When you run ls without arguments, it will just open a directory, read all the contents, sort them and print them out.

When you run ls *, first the shell expands *, which is effectively the same as what the simple ls did, builds an argument vector with all the files in the current directory and calls ls. ls then has to process that argument vector and for each argument, and calls access(2)¹ the file to check it's existence. Then it will print out the same output as the first (simple) ls. Both the shell's processing of the large argument vector and ls's will likely involve a lot of memory allocation of small blocks, which can take some time.
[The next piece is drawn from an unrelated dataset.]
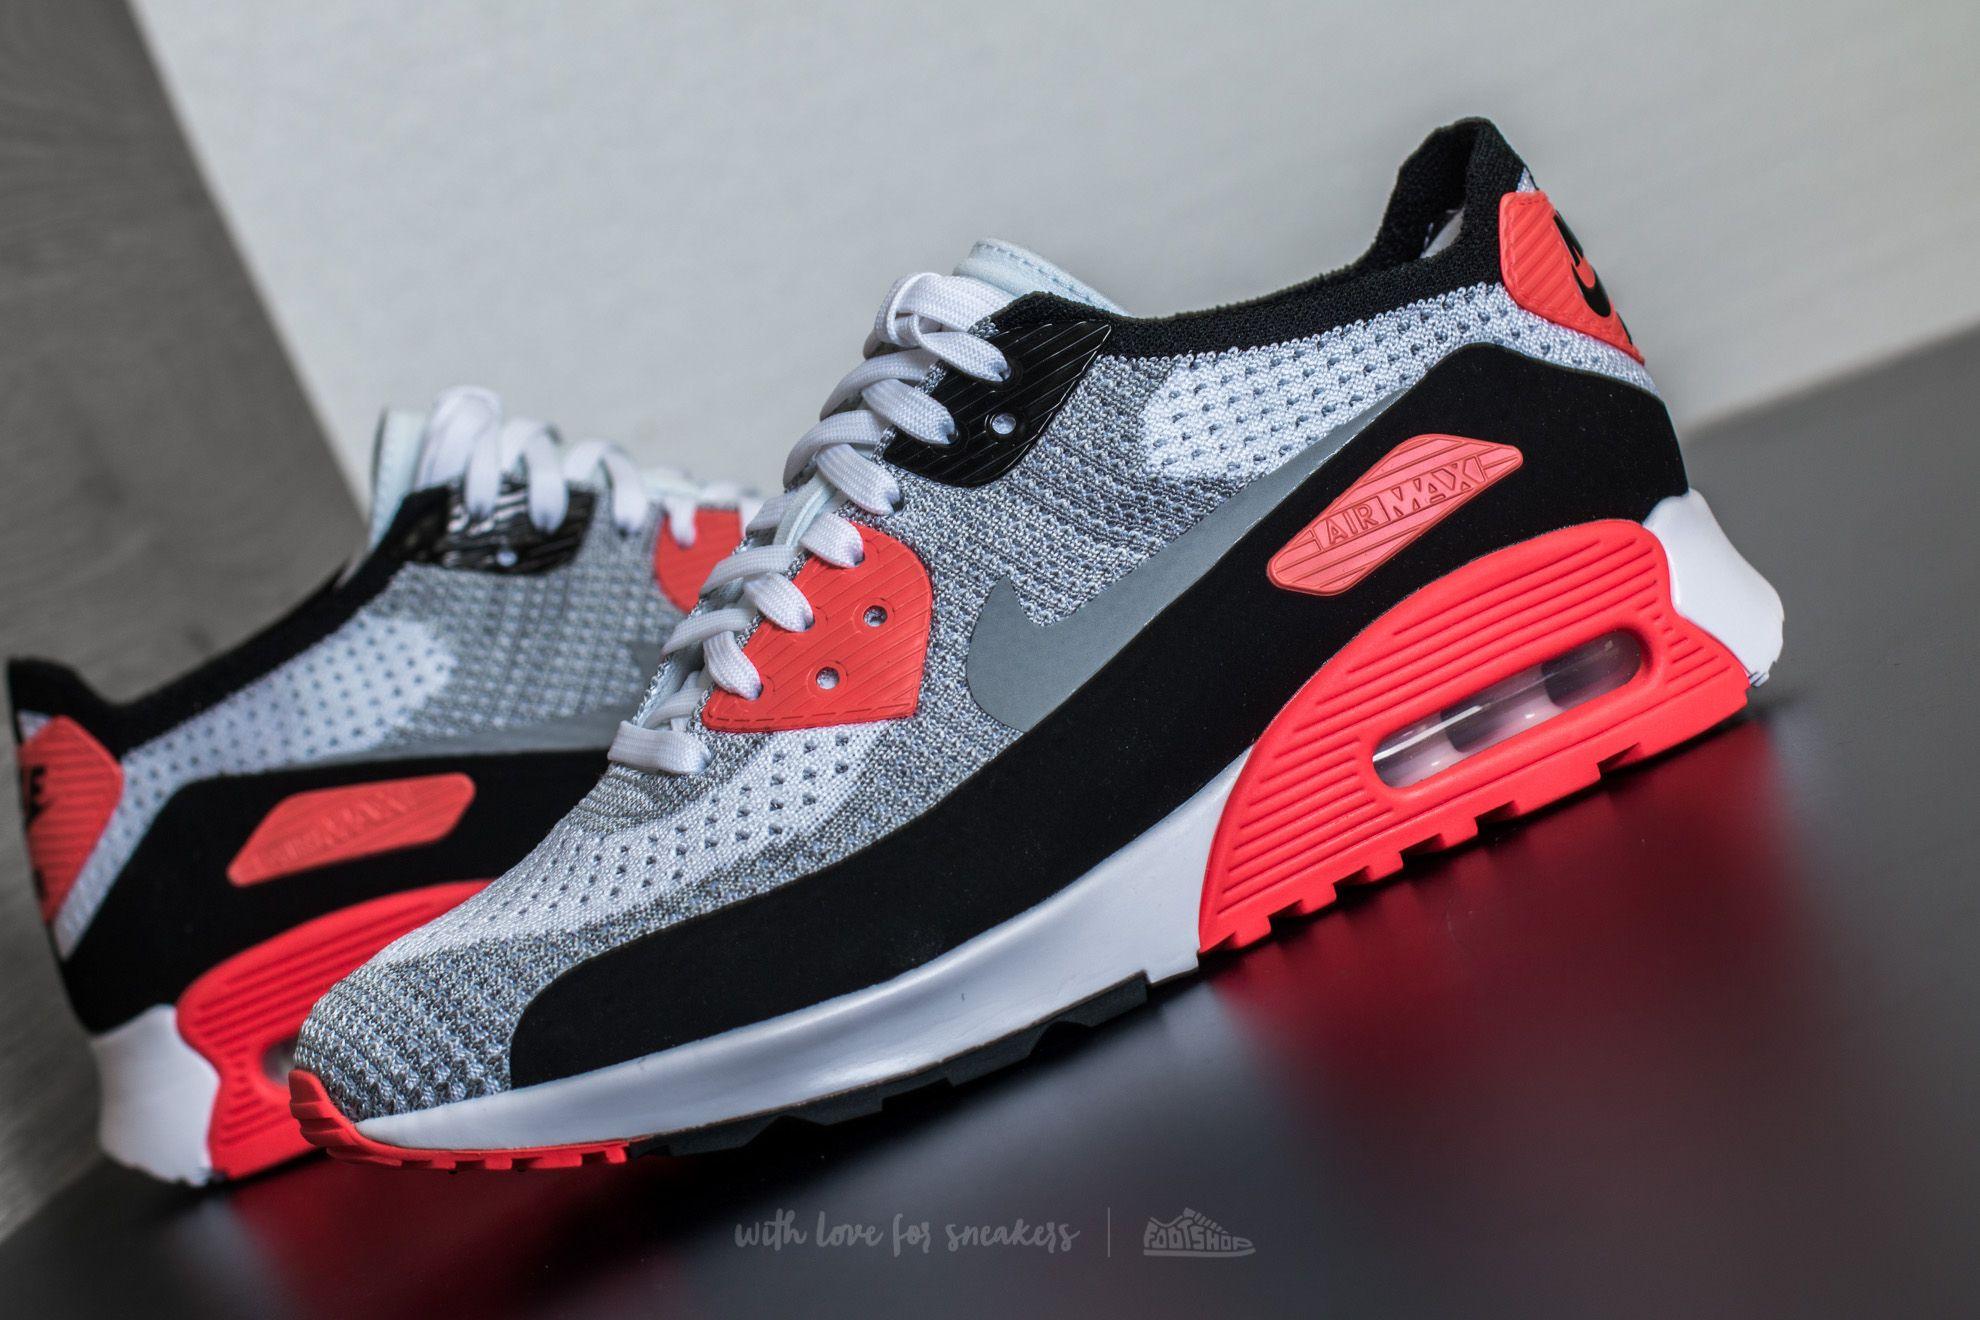 Nike Air Max 90 Ultra 2.0 Flyknit Black Bright Crimson | Footshop

However, since there was little sys and user time, but a lot of real time, most of the time would have been spent waiting for disk, rather than using CPU doing memory allocation.
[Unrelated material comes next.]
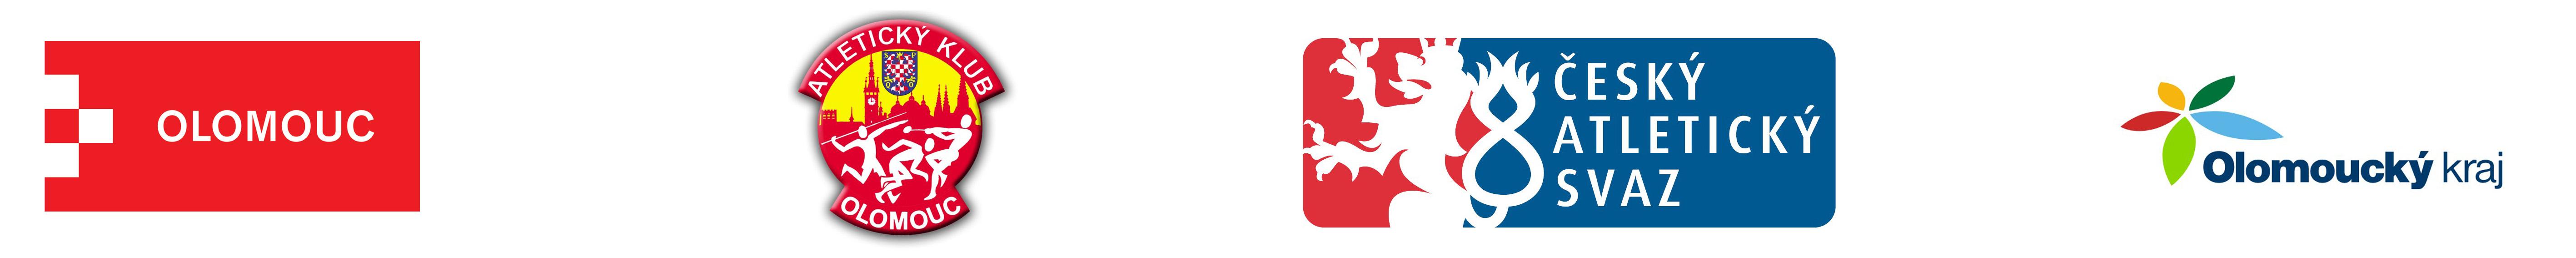 Logo_AK_ČAS_Mesto_Kraj_malé

Each call to access(2) will need to read the file's inode to get the permission information. That means a lot more disk reads and seeks than simply reading a directory. I do not know how expensive these operations are on your GPFS, but as the comparison you've shown to ls -l which has a similar run time to the wildcard case, the time needed to retrieve the inode information appears to dominate. If GPFS has a slightly higher latency than your local filesystem on each read operation, we would expect it to be more pronounced in these cases.

The difference between the wildcard case and ls -l of 50% could be explained by the ordering of inodes on the disk. If the inodes were laid out successively in the same order as the filenames in the directory and ls -l stat(2)ed the files in directory order before sorting, ls -l would possibly read most of the inodes in a sweep. With the wildcard, the shell will sort the filenames before passing them to ls, so ls will likely read the inodes in a different order, adding more disk head movement.

It should be noted that your time output will not include the time taken by the shell to expand the wildcard.

If you really want to see what's going on, use strace(1):

strace -o /tmp/ls-star.trace ls *
strace -o /tmp/ls-l-star.trace ls -l *

and have a look which system calls are being performed in each case.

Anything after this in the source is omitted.